FacebookTwitterGoogle+RedditEmail

Remembering Victor Rabinowitz

by MARJORIE COHN

On November 16, 2007, Victor Rabinowitz, one of the giants of the legal profession and a unflagging fighter for social justice, died at the age of 96. One of the founders of the National Lawyers Guild 70 years ago, Victor defended unpopular clients when other lawyers were afraid to touch them. During the McCarthy period, he and his partner Leonard Boudin represented unions that were considered to be left-wing. The firm counted as clients Daniel Ellsberg, Paul Robeson, Julian Bond, Dashiell Hammett, Dr. Benjamin Spock, the Rev. Philip Berrigan, Alger Hiss, the Black Panthers, the Salvador Allende government in Chile, and the Cuban government.

Victor handled several landmark cases. In 1950, he challenged the provision of the Taft-Hartley Act that prevented unions from representing workers unless all union officers swore a loyalty oath that they were not members of or affiliated with the Communist Party. He lost the case 5 to 4 in the Supreme Court. His work in the Supreme Court case of United States v. Yellin was instrumental in the demise of the notorious House Un-American Activities Committee (HUAC). In 1964, in a 8 to 1 decision, the Supreme Court held in Banco Nacional de Cuba v. Sabbatino that U.S. courts cannot review the legality of the Cuban nationalizations of U.S.-owned property under international law. Victor represented the government of Cuba in that case.

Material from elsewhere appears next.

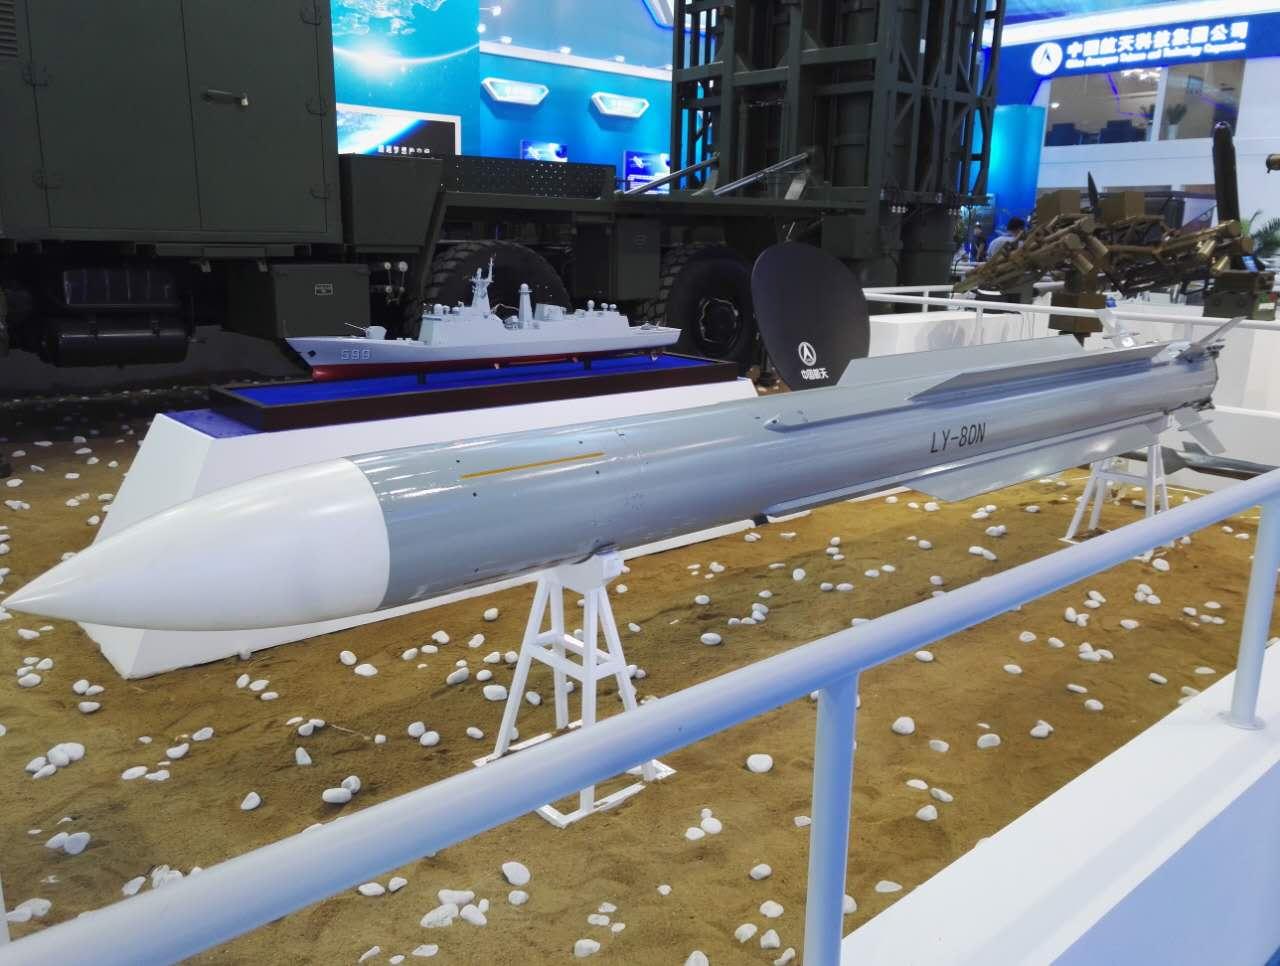 Le missile LY-80N

John Mage, prominent radical lawyer and Officer and Director of the Monthly Review Foundation, wrote a review of Victor’s book, Unrepentant Leftist: A Lawyer’s Memoir, for Monthly Review. Mage recalled his favorite Victor story: “In the Cuban bank litigation, Victor (representing the Cubans) was served with a discovery demand that he forwarded to the Cuban Finance Ministry, at that time headed by Che. Shortly afterwards he was in Havana for an anniversary celebration and was invited to accompany Guevara. Che directed Victor’s attention to the confetti being thrown from an office tower and said ‘remember that discovery demand? . . . There it is.'”

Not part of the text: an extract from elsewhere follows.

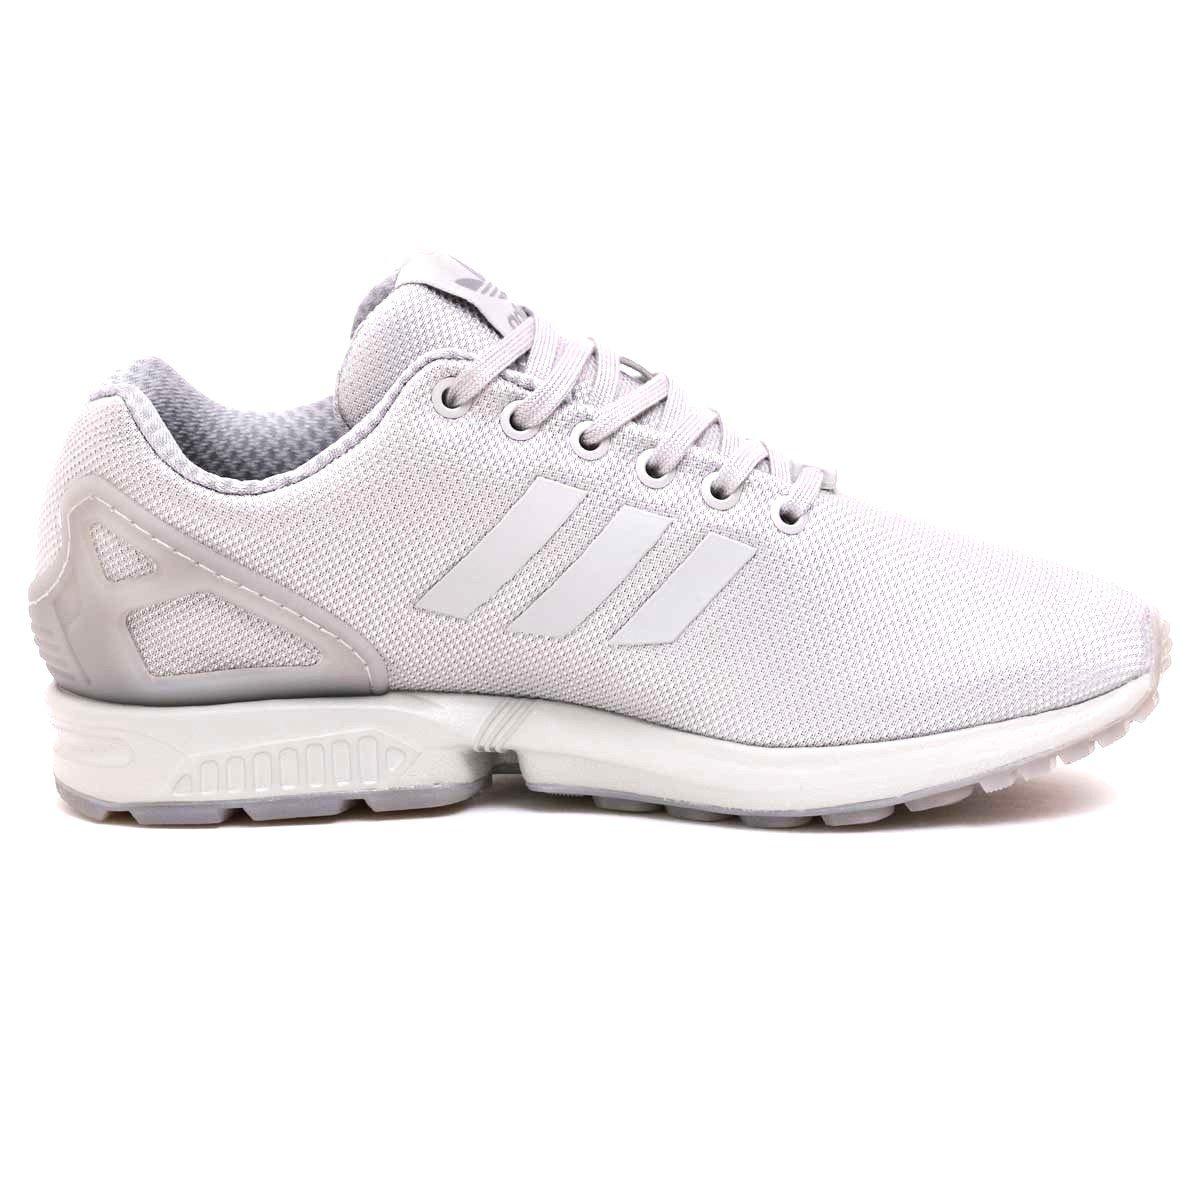 competitive price 3a420 c197e adidas Originals Men's ZX Flux Running Shoe (10.5, Grey/Grey/Grey)

The Rabinowitz Boudin partnership “constituted the defining invention of radical lawyering,” said Northwestern law professor Bernardine Dohrn, a leader of the Weathermen who became the Guild student organizer when Victor was NLG president from 1967-1971. The firm “always represented the most controversial victims of oppressive state power: labor struggles, the Community Party cases, constitutional right to travel and political speech issues, defense of the Cuban revolution, support for the civil rights/Black Freedom Movement, defense of anti-Vietnam War activists, and legal defense of Palestinian political activists,” Dohrn added.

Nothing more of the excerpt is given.